Make enemies meaningful
One of our big goals was to do something new in terms of the enemies you face in the game, not to have generic cannon fodder and not to have predictable boss fights, so all our enemies are procedural. We call it the Nemesis system, but really it’s a combination of multiple systems that have to work together, requiring innovations in almost every discipline.

Fans can learn something
I've been a Middle-earth fan since I first learned to read. So of course I'd read all the books multiple times, but what I hadn't done much before we started working on Shadow of Mordor was to look more closely at the Middle-earth universe and references from myth.

but make it accessible for all
You don’t need any prior knowledge, and you don't need to be a fan of fantasy.
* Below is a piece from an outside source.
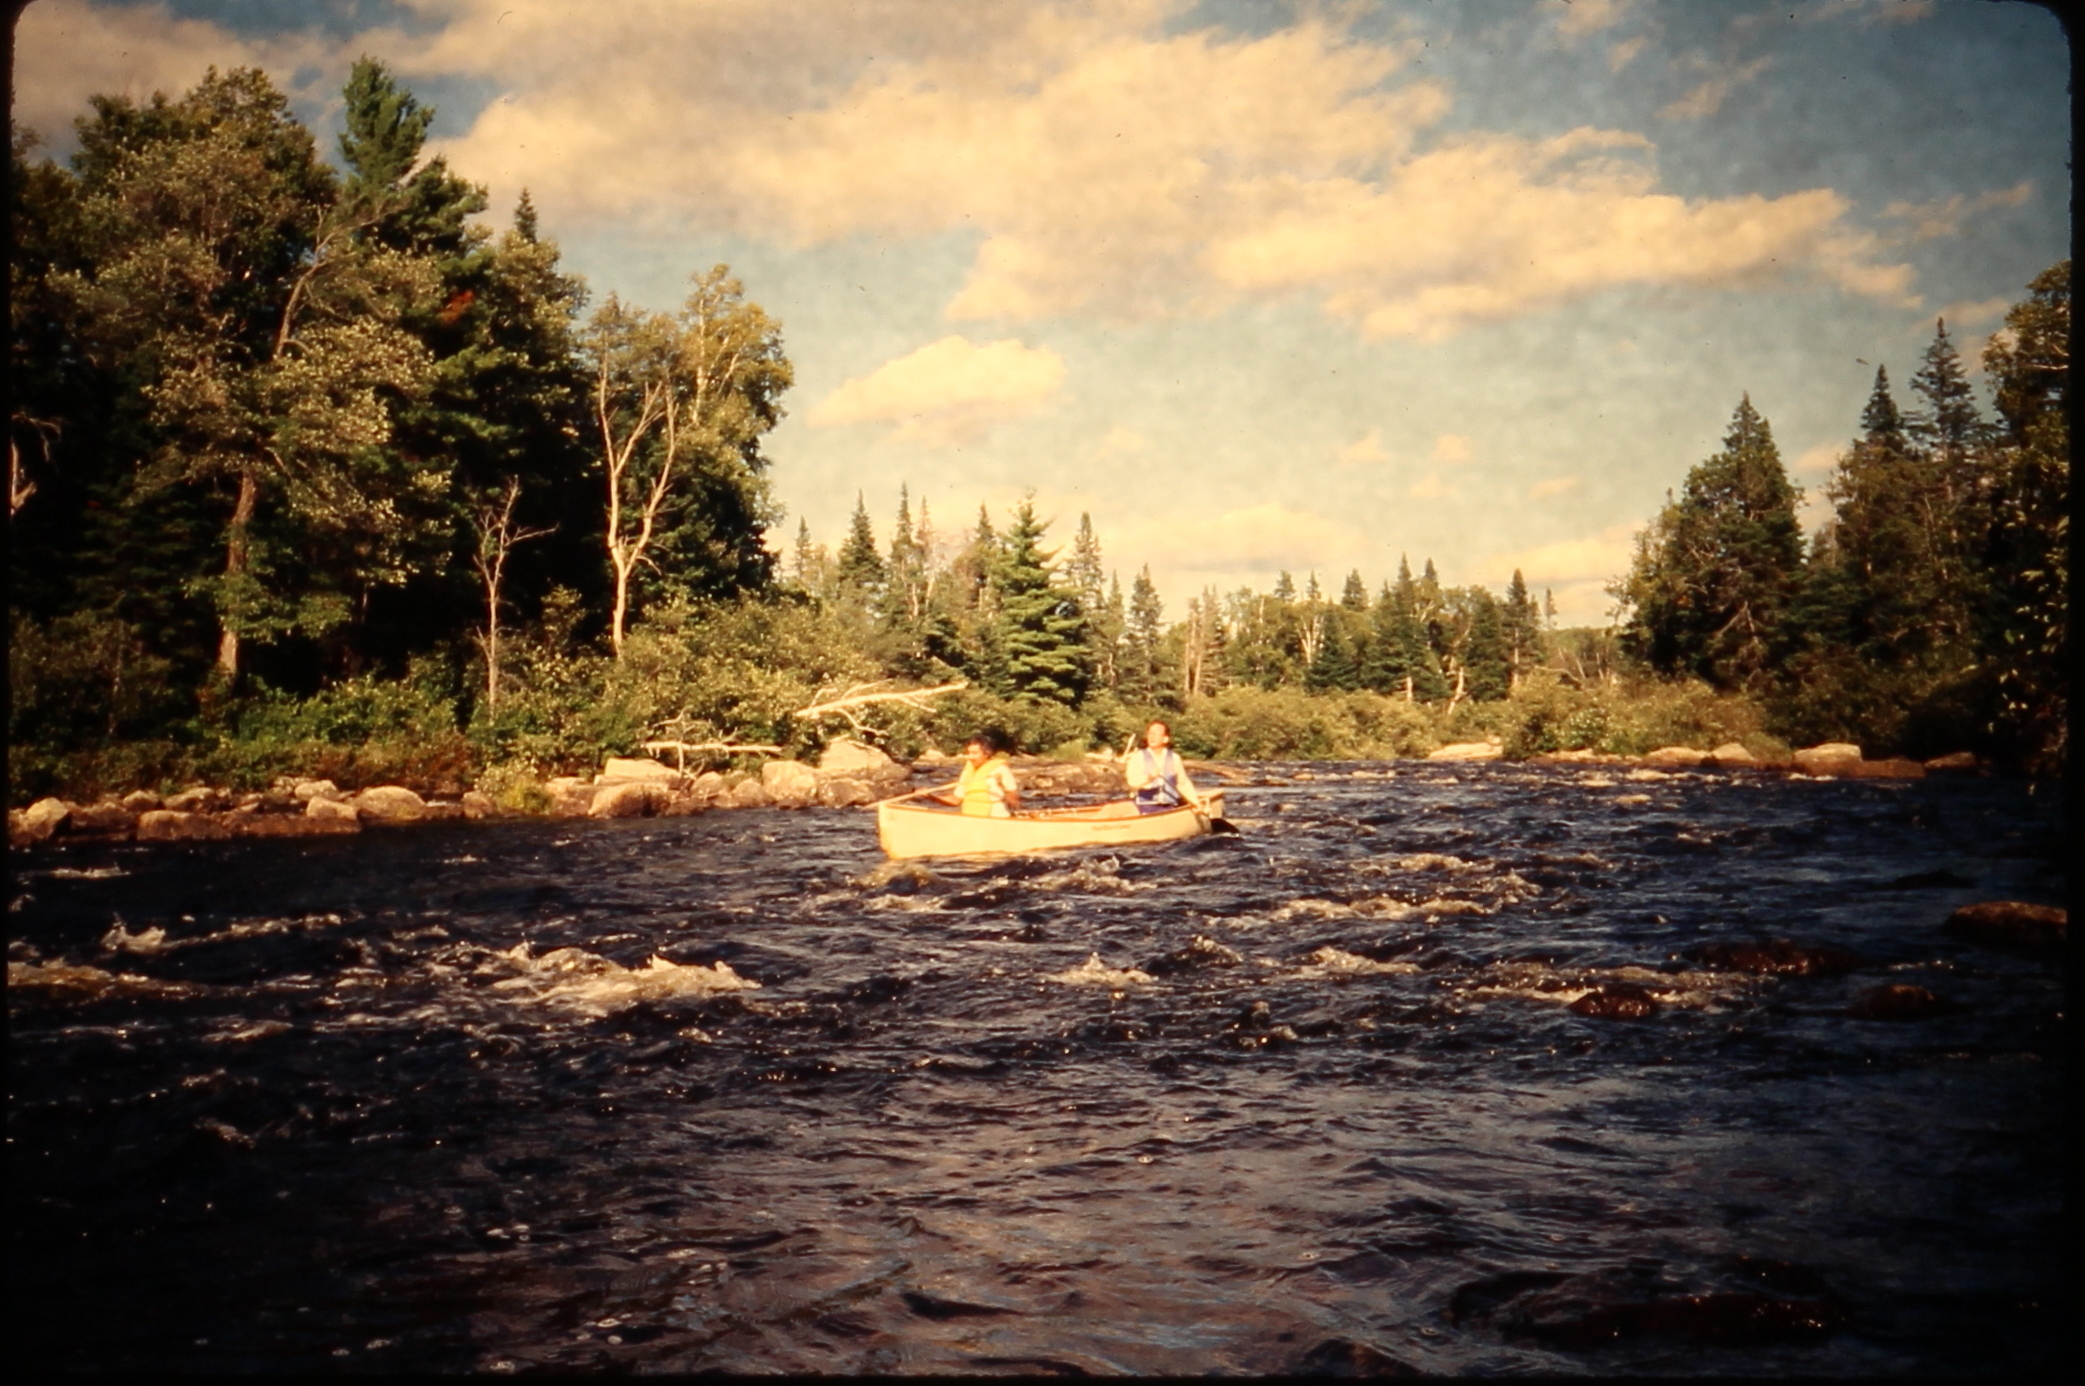 19890903.08 - USA ME -- MooseRiver - Somesh Jerry - Moose River Rapids 2 - MB01T01B11S08.JPG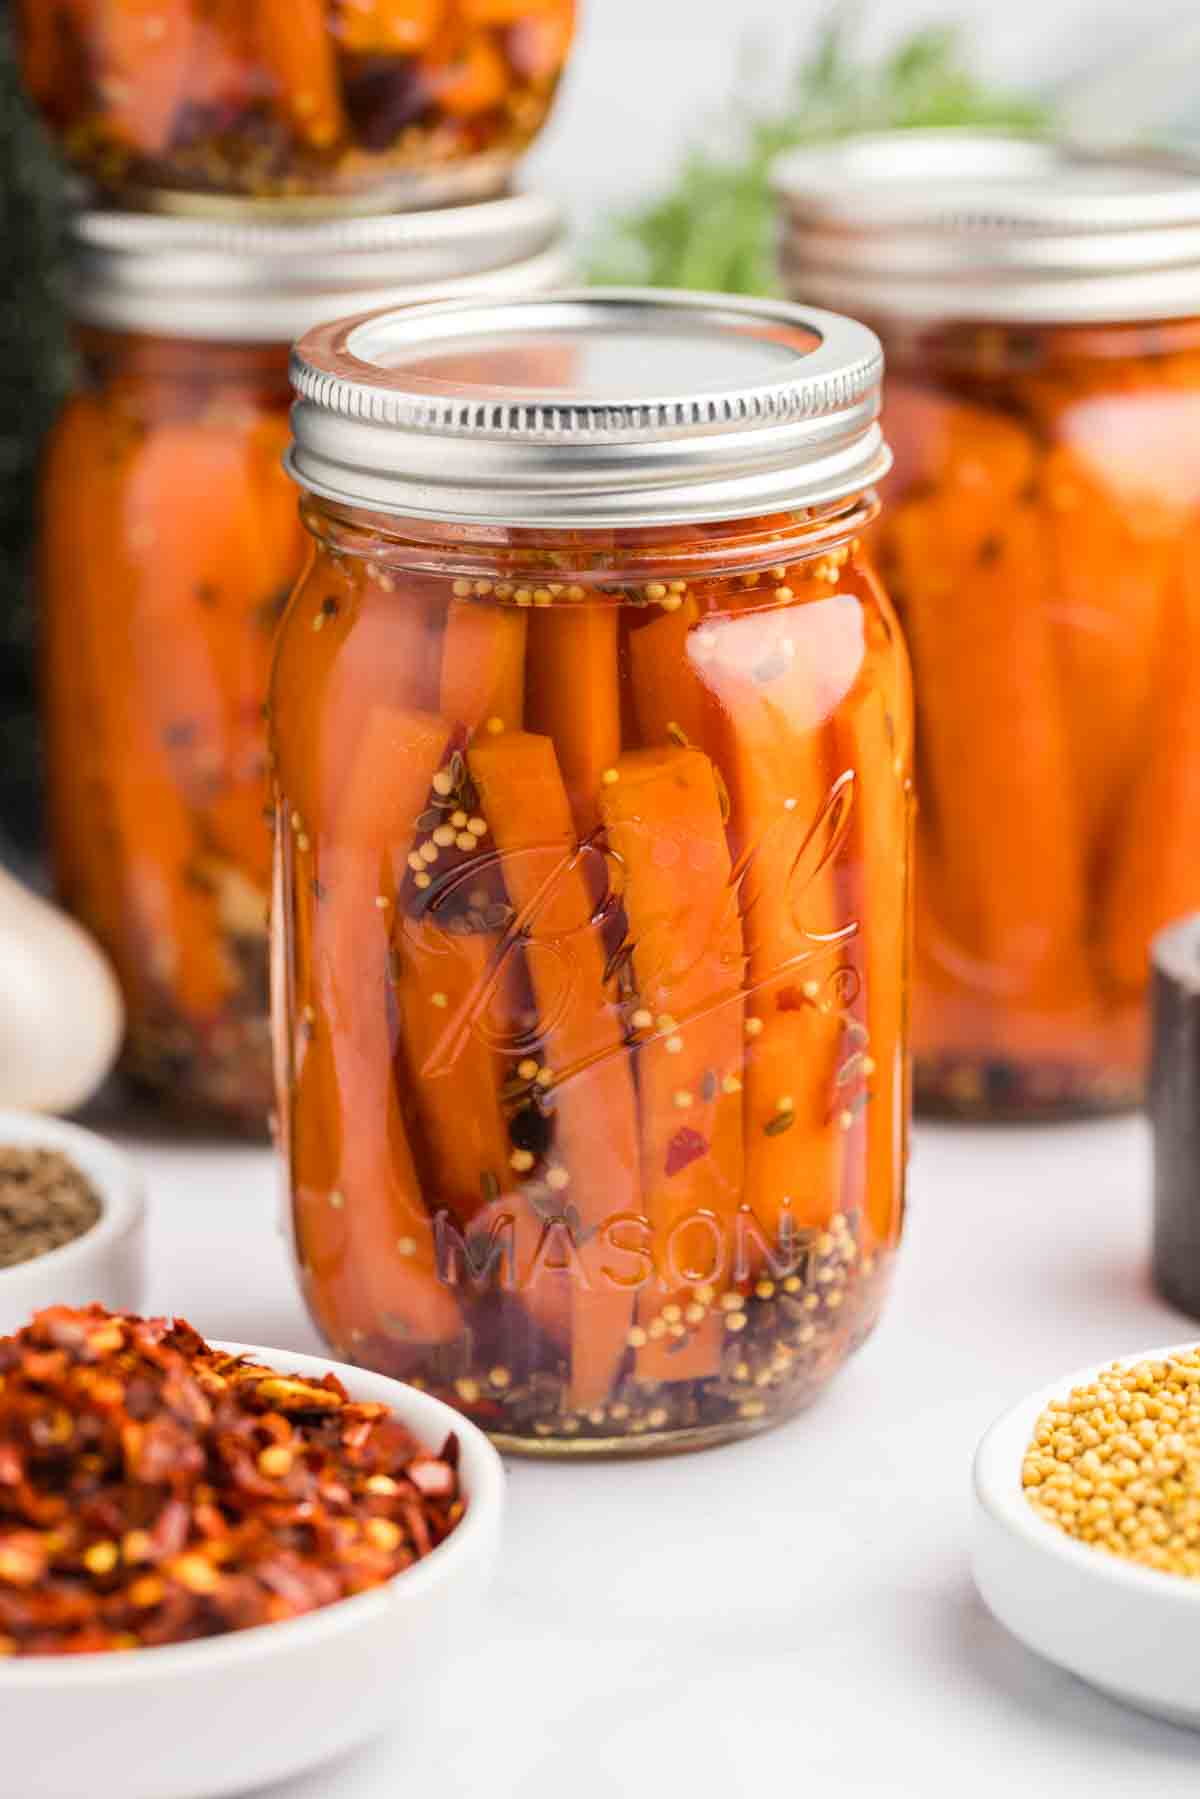 Pickled Carrots Recipe shown in jars.

That’s one are a where we tried to be authentic to The Hobbit and The Lord of the Rings, both of which work as standalone stories.

Collaboration is key
A teacher, Frank Lantz, said “Making a game combines everything that’s hard about building a bridge with everything that’s hard about composing an opera. Games are basically operas made out of bridges.” What I found so great on this game was the way in which the different disciplines, from art to engineering to UI to production, managed to collaborate.

We needed the Nemesis system
There’s a couple of things that make it really well suited. Firstly the nature of Orc society, which is driven by forces of violence, fear and dominance. When Sam and Frodo head into Mordor, they only get through because the Orcs are constantly tearing at each other’s throats.

Tap into society
Frodo calls it the “Spirit of Mordor” and that sort of violent, dog eat dog society is great fodder for a living world. Secondly, the concept of Power and Domination that we see in the Rings of Power that Celebrimbor [your ghostly companion] brings to Talion really lets you manipulate Orc society and bend it to your will.

The world is unique
Mordor is in a unique state at this time. Sauron has been gone for millennia, the Orcs and beasts have gone rogue and the borders have been under the stewardship of Gondor. So while it is one of the most iconic locations in Middle-earth, it also looks very different to the volcanic hellscape that Sam and Frodo are going to cross 80 years after Shadow of Mordor.

Make travel exciting
There are a number of ways to traverse the world, and one does not simply need to walk. However each one is balanced so that you will be using a combination of methods of transport. Celebrimbor can indeed travel through the wraith world, but later in the game you can mount and dominate beasts and ride them.